• _ACTIVITY_
Exactly as they appear, please output the lines from the one with "Curt Schilling defends" through the end of the material, without pictures.
──────── DATA BELOW
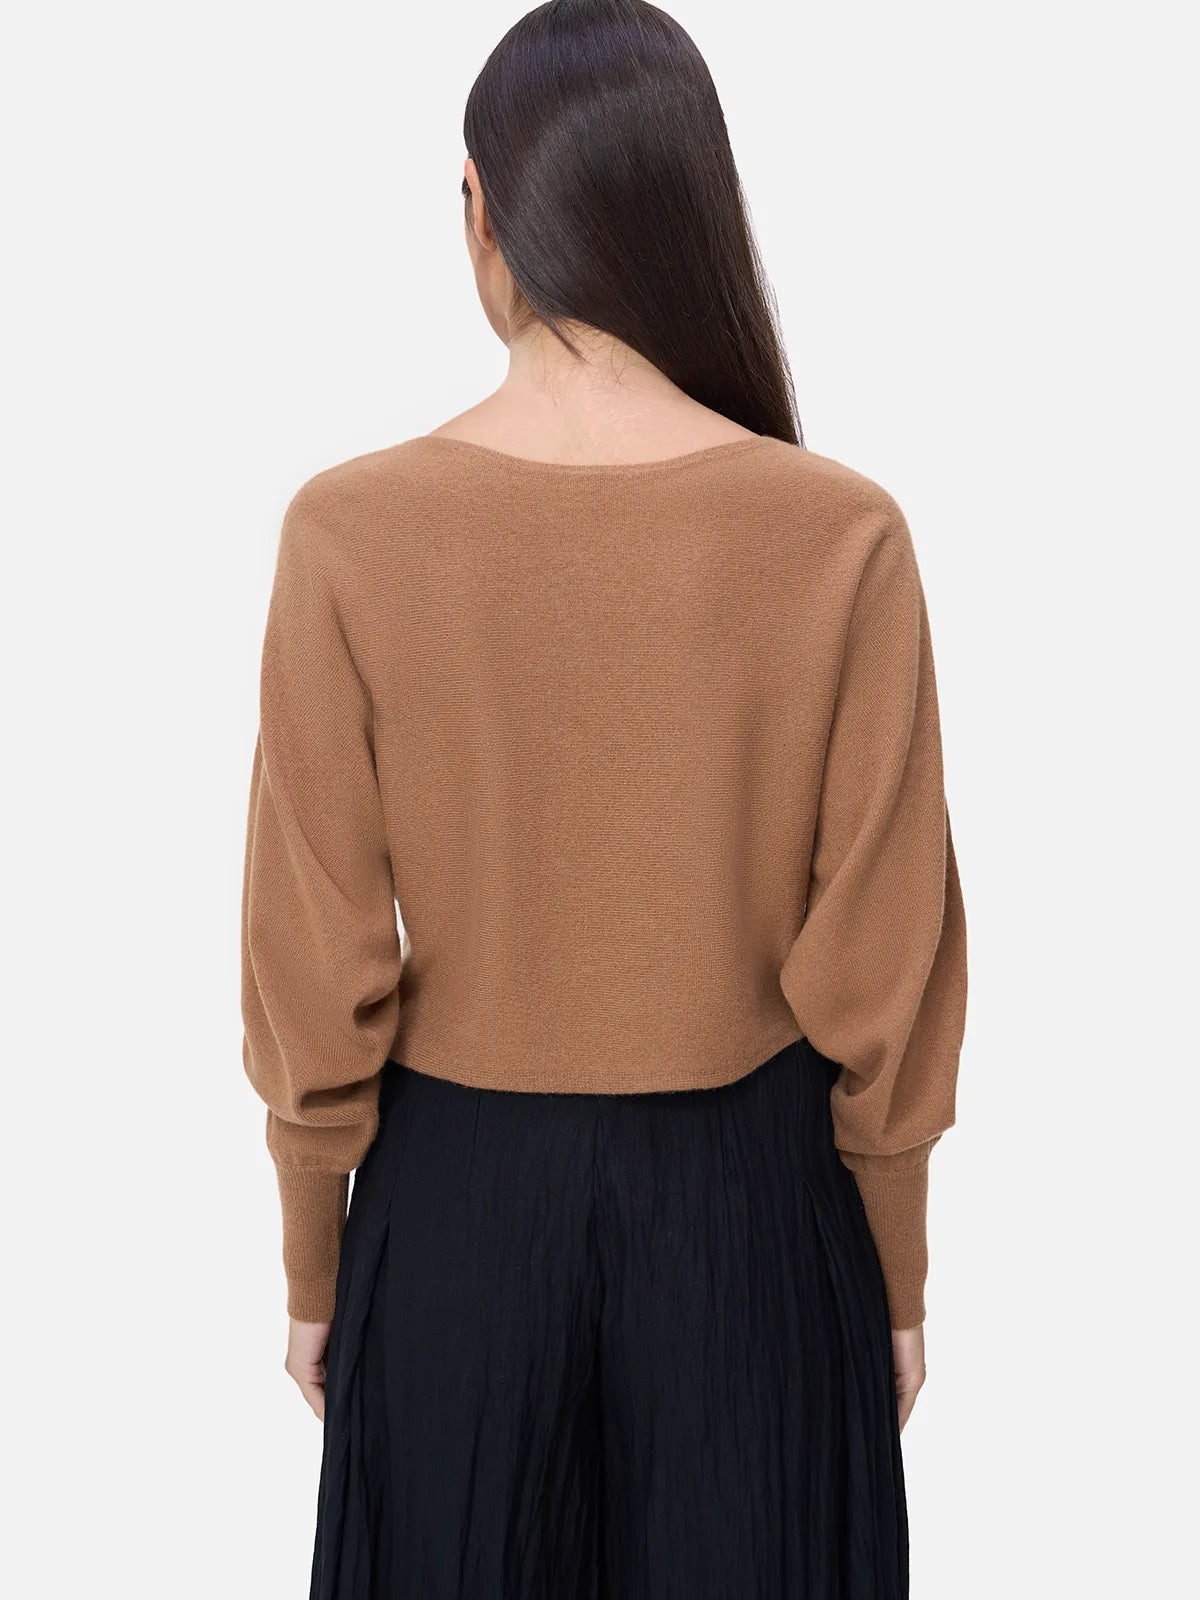 Versatile Round Neck Cashmere Sweater with Short Batwing Sleeves
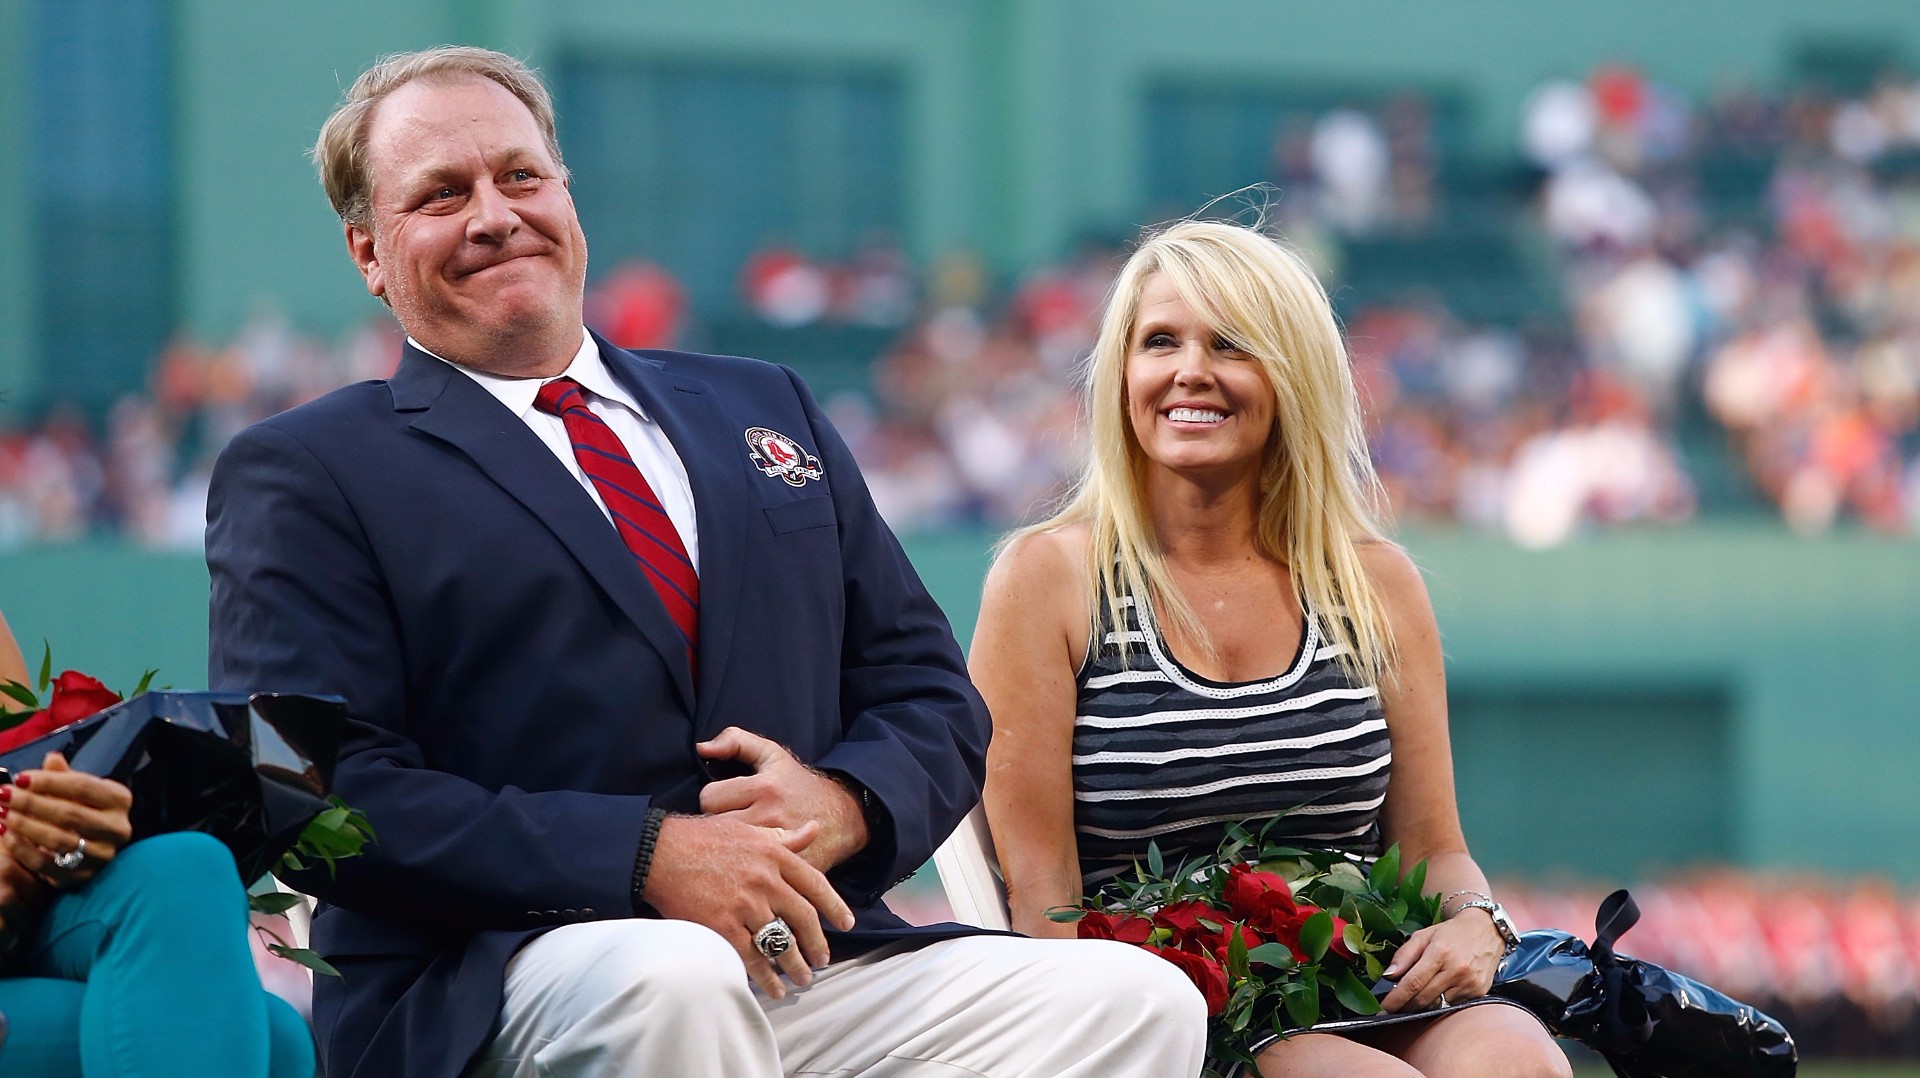 Curt Schilling defends Trump checking out 10-year-old girl, says
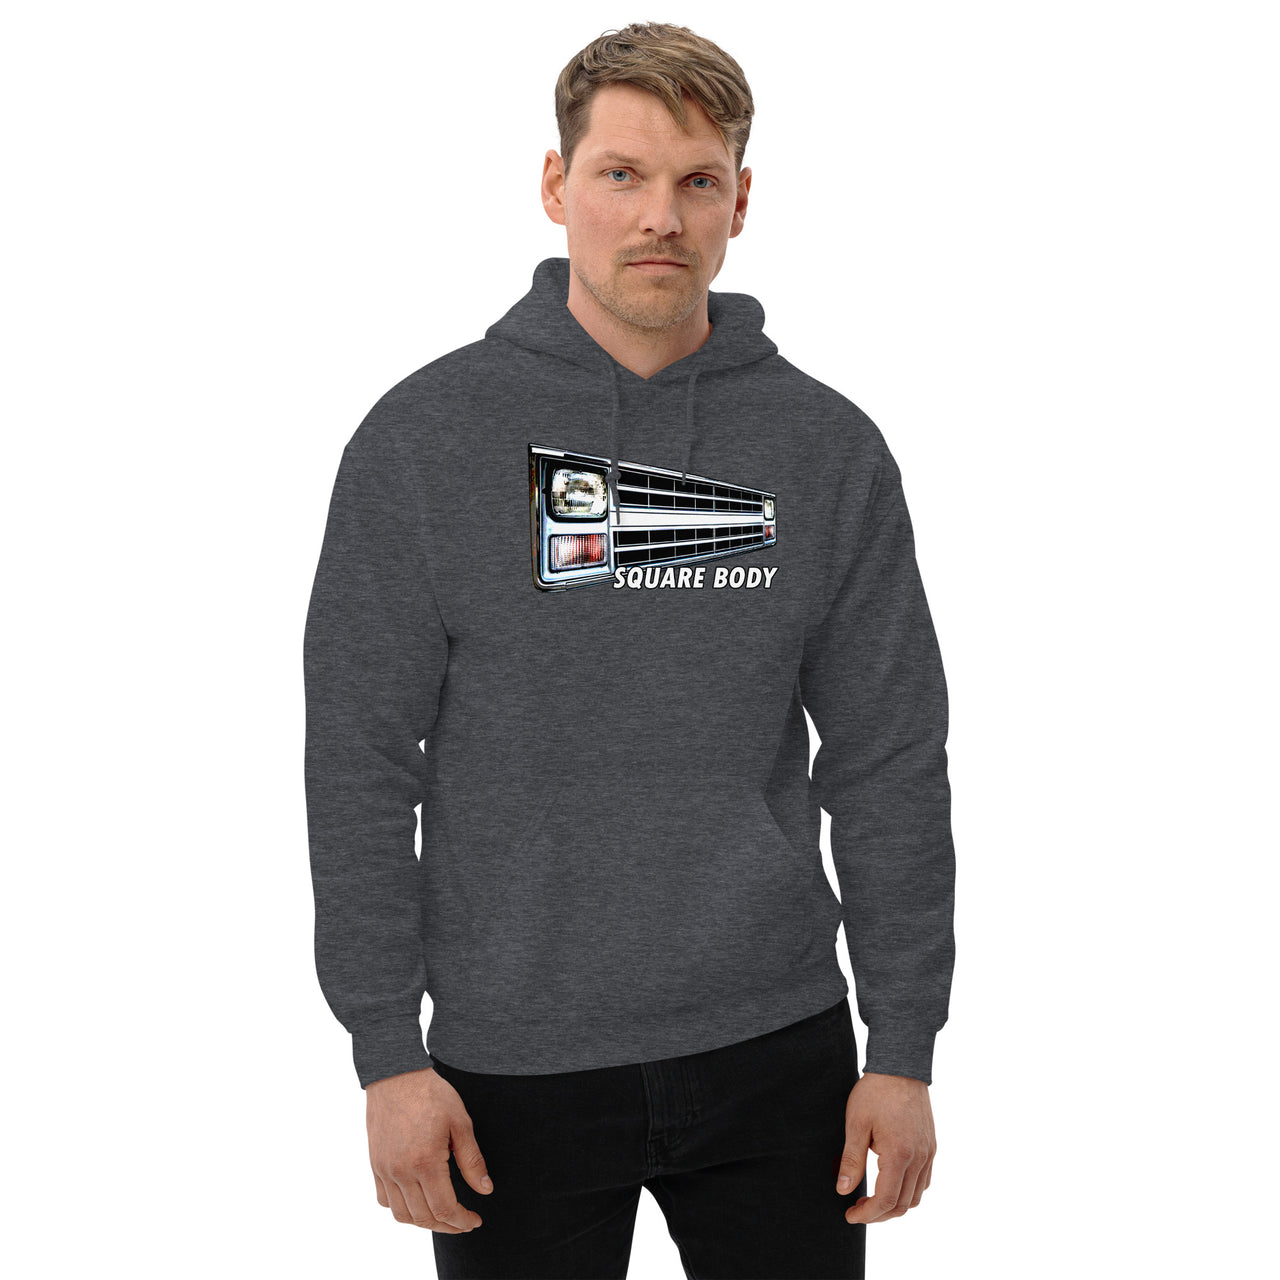 Square Body Truck 80s Angled Grille Hoodie modeled in grey
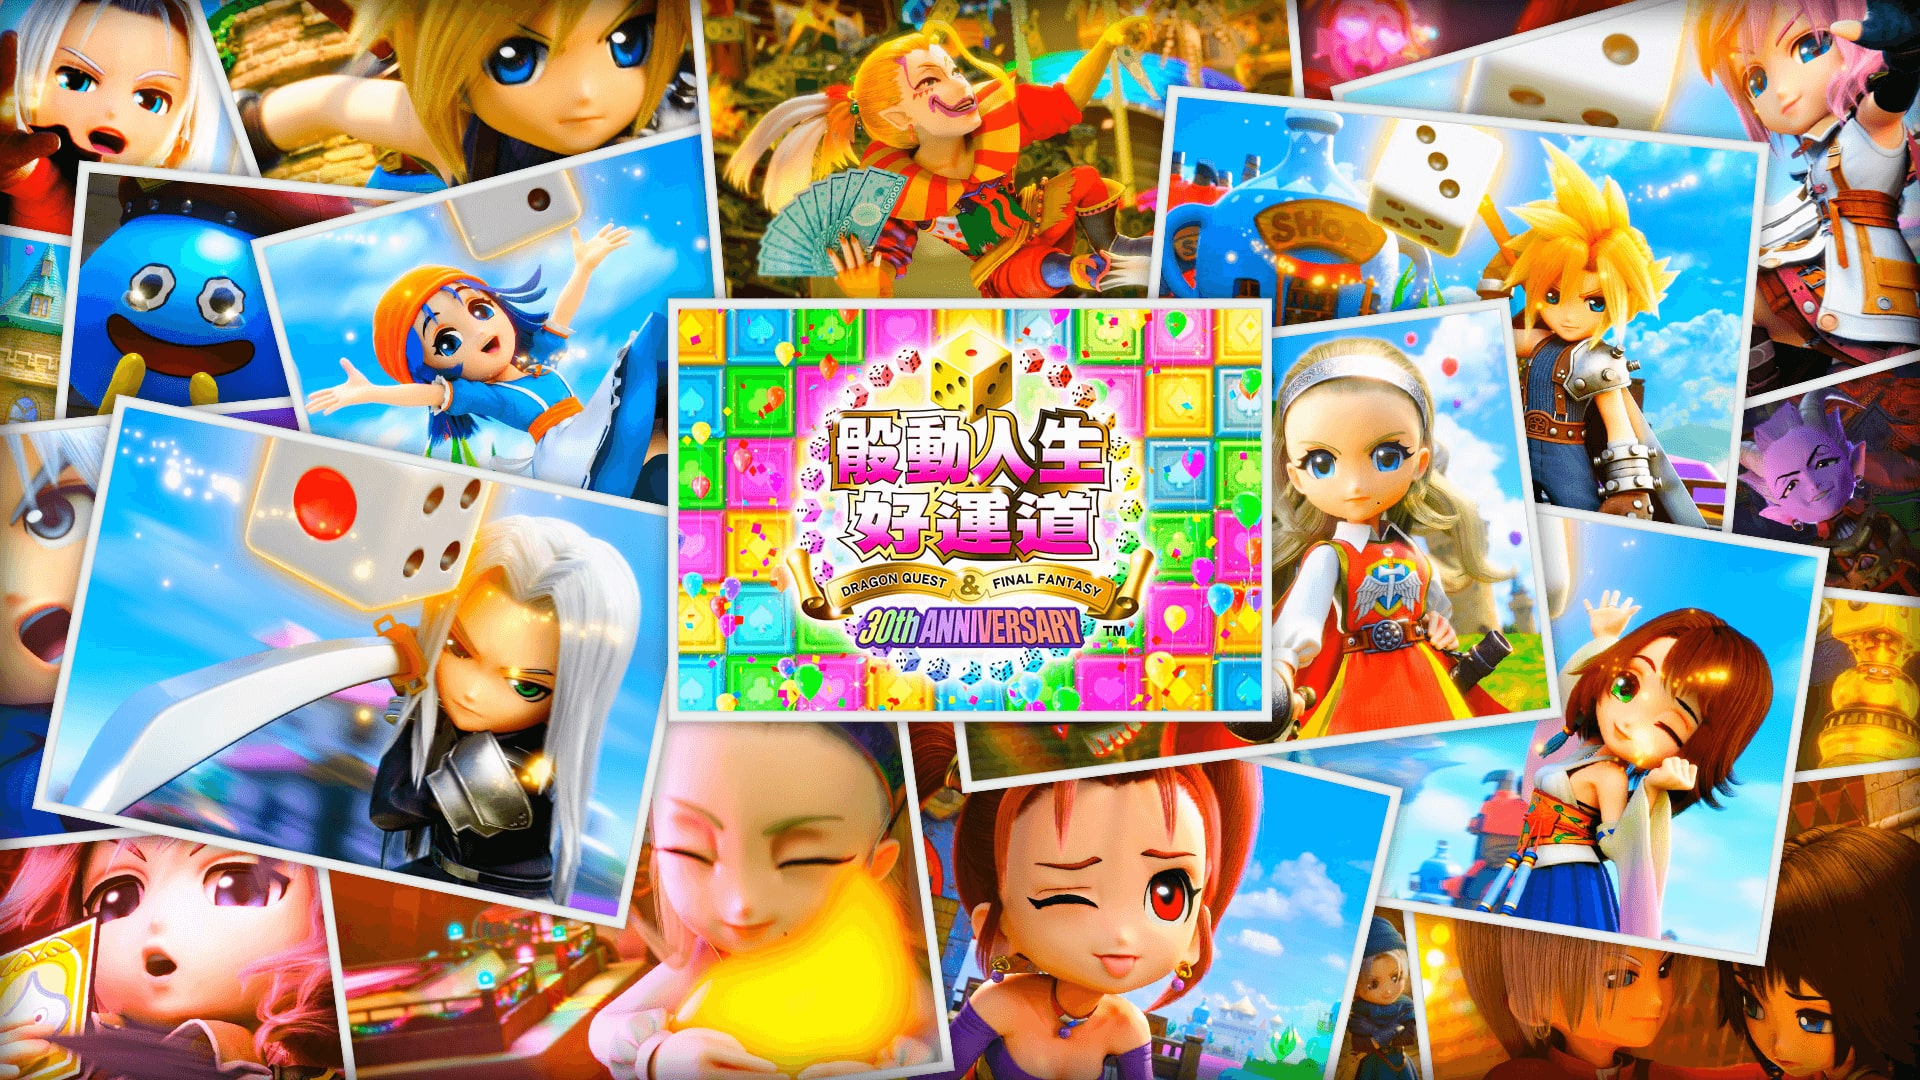 FORTUNE STREET DRAGON QUEST ＆ FINAL FANTASY 30th ANNIVERSARY (Chinese Ver.)
────────────────
• _EXERCISE ANSWER_
 Curt Schilling defends Trump checking out 10-year-old girl, says
 Square Body Truck 80s Angled Grille Hoodie modeled in grey
 FORTUNE STREET DRAGON QUEST ＆ FINAL FANTASY 30th ANNIVERSARY (Chinese Ver.)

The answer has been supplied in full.